Brzezińska Agnieszka Nowak, Horyń Czesław
University of Silesia in Katowice, Institute of Computer Science, Katowice, Bankowa 12, Poland.
Procedia Comput Sci. 2021;192:3010-3019. doi: 10.1016/j.procs.2021.09.073. Epub 2021 Oct 1.
The article concerns the detection of outliers in rule-based knowledge bases containing data on Covid 19 cases. The authors move from the automatic generation of a rule-based knowledge base from source data by clustering rules in the knowledge base to optimize inference processes and to detecting unusual rules allowing for the optimal structure of rule groups. The paper presents a two-phase procedure, wherein in the first phase, we look for the optimal structure of rule clusters when there are outlier rules in the knowledge base. In the second phase, we detect outliers in the rules using the LOF (Local Outlier Factor) algorithm. Then we eliminate the unusual rules from the database and check whether the selected cluster quality measures are responded positively to the elimination of outliers, which would indicate that the rules were rightly considered outliers. The performed experiments confirmed the effectiveness of the LOF algorithm and selected cluster quality measures in the context of detecting atypical rules. The detection of such rules can support knowledge engineers or domain experts in knowledge mining to improve the completeness of the knowledge base, which is usually the basis of the decision support system.

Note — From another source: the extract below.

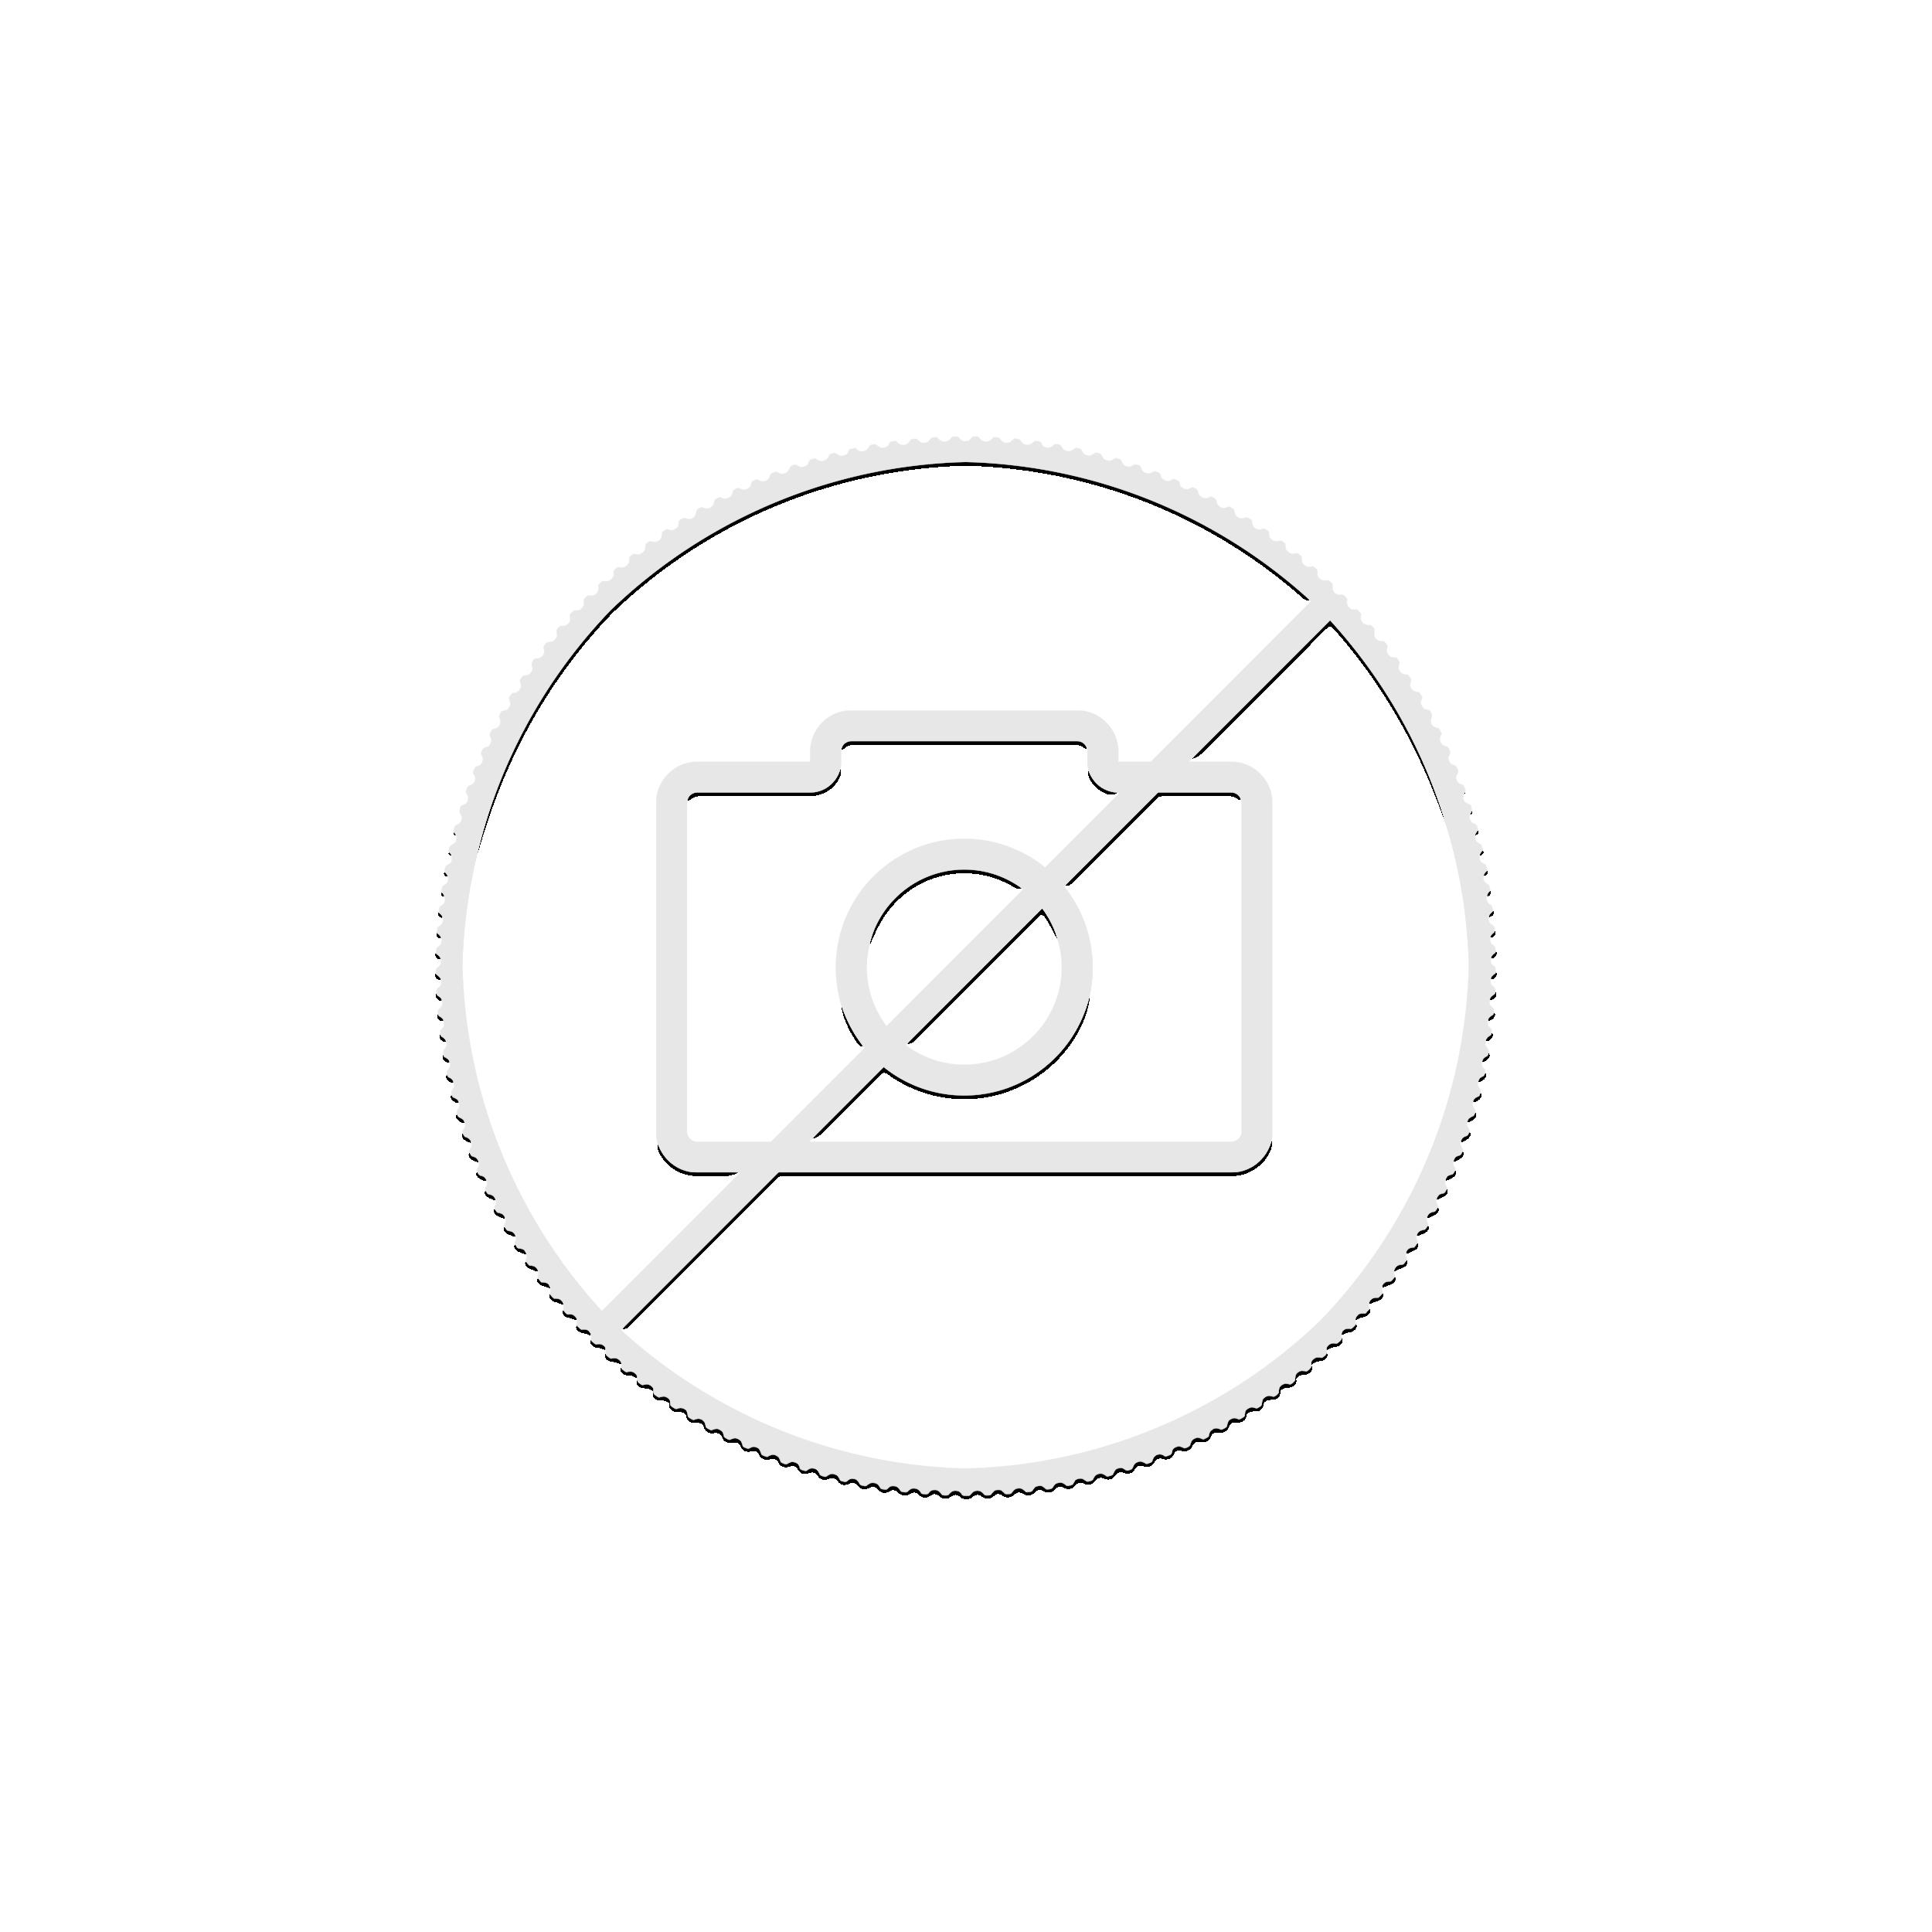 Goud baar 1 troy ounce Britannia Royal Mint

本文关注的是在包含新冠19病例数据的基于规则的知识库中检测异常值。作者从通过对知识库中的规则进行聚类,从源数据自动生成基于规则的知识库入手,以优化推理过程,并检测异常规则,从而实现规则组的最优结构。本文提出了一个两阶段的过程,其中在第一阶段,当知识库中存在异常规则时,我们寻找规则簇的最优结构。在第二阶段,我们使用局部异常因子(LOF)算法检测规则中的异常值。然后我们从数据库中消除异常规则,并检查所选的簇质量度量是否对异常值的消除有积极响应,这将表明这些规则被正确地视为异常值。所进行的实验证实了LOF算法和所选簇质量度量在检测非典型规则方面的有效性。检测此类规则可以在知识挖掘中支持知识工程师或领域专家,以提高知识库的完整性,而知识库通常是决策支持系统的基础。